[rez-uh-loo-shuh n] Philip Barnes ARCA Exhibition 29th Aug – 16th Sept
Exhibition 29th Aug – 16th Sept Tuesday – Saturday 9.30-4pm (Except Friday afternoon)
Preview night – Wednesday 30th August 6-9pm. All art lovers welcome.
Philip Barnes ARCA
I am a Yorkshireman, brought up in and around the mining villages of South Yorkshiren now living in North Devon. After studying a science degree, I subsequently joined British Coal and worked in the coal mining industry for 8 years. As the mines closed, I left and joined an engineering company as Operations Director. After 7 years and in my late 30’s, I decided to leave behind my science and engineering and went to study art.
After a Foundation course in Halifax and a Fine Art Degree in Leeds, I completed my MA in Fine Art at the Royal College of Art in 2002. I had exhibited conceptual works in group and solo shows in the UK and overseas but I became involved in many ventures outside art. When I returned to art in 2014, I began to paint again and this is now my dominant media. In this exhibition I will be showing around 25 paintings, some texts and some conceptual pieces which play with the multiple meanings of [rez-uh–loo-shuh n]. This show has developed from his 2015 show ‘An unconscious mind’.
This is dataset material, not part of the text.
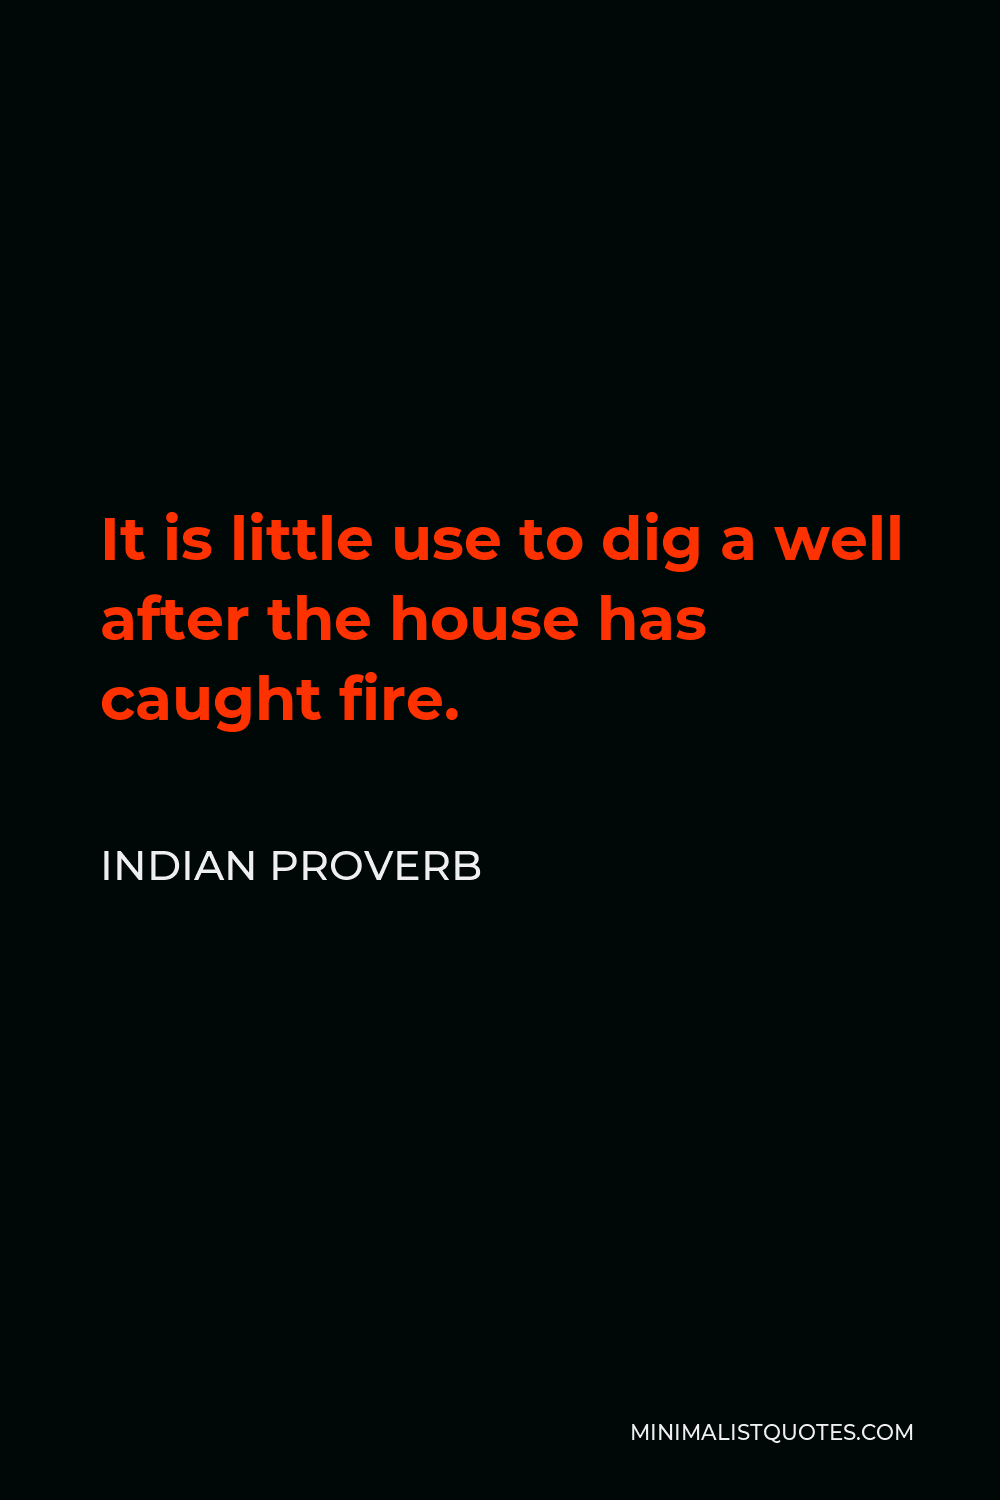 Indian Proverb Quote - It is little use to dig a well after the house has caught fire.

Freud divided the mind into the conscious mind (ego) and the unconscious mind (id & super ego). Freud describes how we experience this unconscious mind through: dreams, slips of the tongue (Freudian slips), jokes, intuition and enigmatic thoughts which burst upon us unbidden and uncontrollably. The unconscious can be immensely creative or powerfully destructive, a source of guidance as well as subversion, and it can be awe inspiring or very disturbing. Philip’s process has developed in response to his unconscious mind.
Philip does very little initial planning other than to choose a head or a figure as a start point. As Philip paints, he experiences enigmatic thoughts and Freudian slips occur, sometimes these might be in response to what he has read or seen or just the way he is feeling at the time. Through painting, he tries to make these visible to himself. Sometimes a resolution readily appears and in other cases it takes a long time before the story of the painting becomes clearer to him. Philip wants the viewer to bring their own unconscious mind to the work and for them to resolve the story as they see it. There is no one universal interpretation and Philip loves to hear what the viewer thinks.
The works shown are eclectic, vibrant and dynamic and can be enjoyed visually and mentally. Philip’s work plays with the idea of resolution [rez-uh–loo-shuh n], and what is being resolved.
Philip will be on hand each day to respond to viewers but only if invited to do so.